Bericht der Nordwestzeitung vom 9.10.2012 (Autor: Stephan Giesers)
Von Zeitzeugen für die Zukunft lernen
Wilhelmshaven „Das ist emotional sehr anstrengend für mich“, sagt der Franzose Raymond Gourlin und kämpft mit den Tränen. Der 87-Jährige will aber von seiner Vergangenheit erzählen: 1944 kam er als politischer Gefangener ins Außenlager des Konzentrationslagers Neuengamme am Alten Banter Weg in Wilhelmshaven.
Damals war Gourlin kaum älter als die Schüler der Integrierten Gesamtschule Wilhelmshaven, die ihn und drei weitere ehemalige Häftlinge interviewen sollen. Anlass ist ein einwöchiges Zeitzeugenprojekt. Neben Gourlin sind die Überlebenden Jean Mevel, Pascal Valliccioni und Marcel Bayod mit ihren Frauen nach Wilhelmshaven gekommen. Begleitet werden sie von der Präsidentin der Häftlingsvereinigung „Amicale Francaise de Neuengamme“.

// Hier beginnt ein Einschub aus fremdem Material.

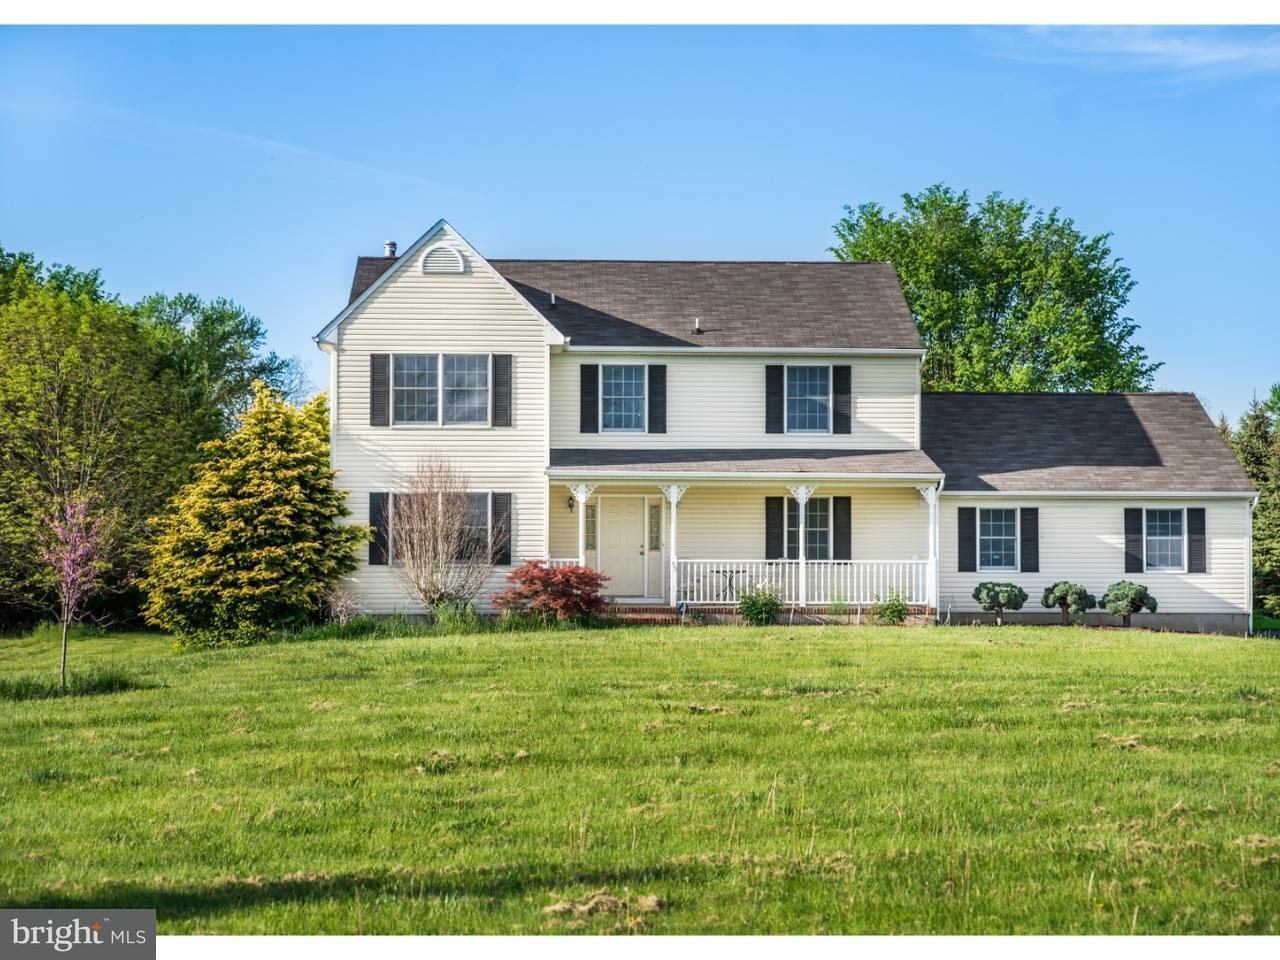 Частный односемейный дом для того Продажа на 33 CHESTERFIELD ARNEYTOWN Road North Hanover, Нью-Джерси 08501 Соединенные Штаты

Vormittags hatten die französischen Gäste und Projektbeteiligten die Gedenkstätte am Alten Banter Weg besucht. Die Jugendlichen pflanzten dort einen Rosenstrauch. Ab diesem Dienstag führen die 13 Schüler aus den Klassen 11 und 13 ihre Interviews und erarbeiten in Zusammenarbeit mit „Radio Jade“ Hörbeiträge, die später in die Dauerausstellungen des Küstenmuseums und Deutschen Marinemuseums integriert werden sollen.
„Viele Zeitzeugen gibt es nicht mehr“, sagte der Schüler Jonas Witte. Deshalb müsse man diese Chance wahrnehmen und die Aussagen an andere weitergeben.

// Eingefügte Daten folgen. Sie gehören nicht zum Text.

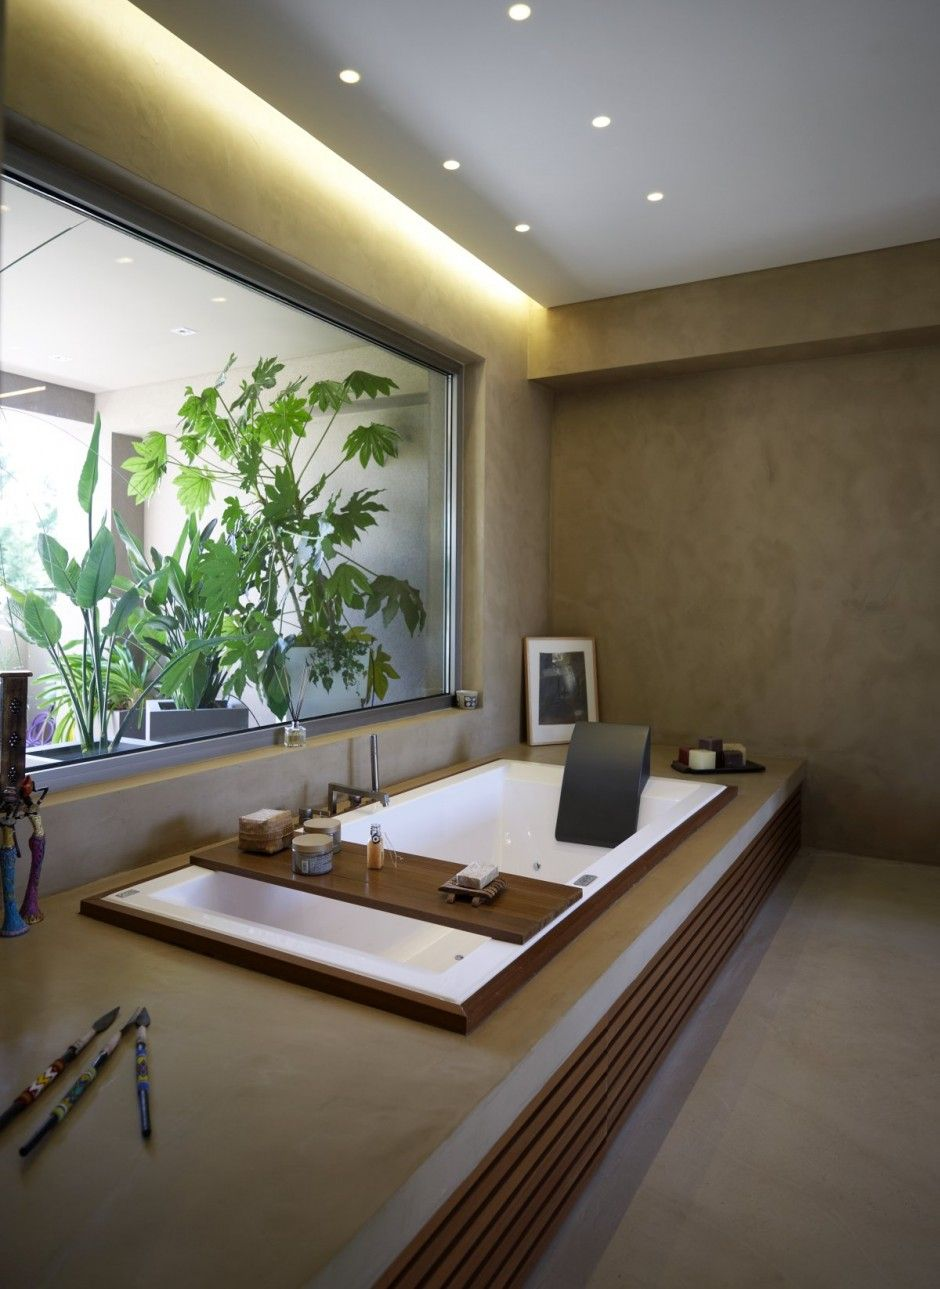 Badewanne mit Ablage

Bürgermeister Fritz Langen begrüßte die Gäste und lobte das Projekt: „Das, was geschehen ist, enthält eine Botschaft für alle nachkommenden Generationen“, sagte er. Nur so könne man aus dem dunklen Kapitel deutscher Geschichte Lehren ziehen. Nicht zuletzt die Anschläge der rechtsextremen Zwickauer Terrorzelle hätten gezeigt, dass die menschenverachtende Ideologie des Faschismus nicht vollständig gebannt seien.
Die Idee geht auf die Küstenmuseums-Mitarbeiterin Merle Stolze zurück, die im vergangenen Jahr starb. Dass ihr Konzept nun umgesetzt werden kann, freut Tanja Kwiatkowski ganz besonders. „Die Schüler sollen Geschichten vor Ort erleben“, sagte die wissenschaftliche Leiterin des Küstenmuseums.
Der Wilhelmshavener Verein „Kulturgut“ hat das Projekt mitorganisiert. „Der Kontakt zu Zeitzeugen über ein solches Projekt ist einzigartig und müsste viel mehr jungen Menschen zuteil werden“, sagte Dr. Stephan Kolschen von der Gerd-Möller-Stiftung, die neben der Bürgerstiftung der Sparkasse und der Stiftung „Erinnerung, Verantwortung, Zukunft“ (EVZ) das Projekt finanziell unterstützt.
Die Zeitzeugen nehmen wie selbstverständlich am Projekt teil. Seit vielen Jahren kommen sie nach Wilhelmshaven, um der Opfer des NS-Regimes zu gedenken. „Die heutige Generation, Kinder und Jugendliche, sind für die Gräueltaten der Nationalsozialisten nicht verantwortlich“, sagte Gourlin. Dass sich die Schüler in einem solchen Projekt engagieren, freut die Zeitzeugen.
„Die Schüler werden viel lernen und Geschichte tatkräftig begreifen“, ist IGS-Lehrerin Hildegard Bierbaum überzeugt. Ein Geschichtsbuch könnte das so nicht leisten.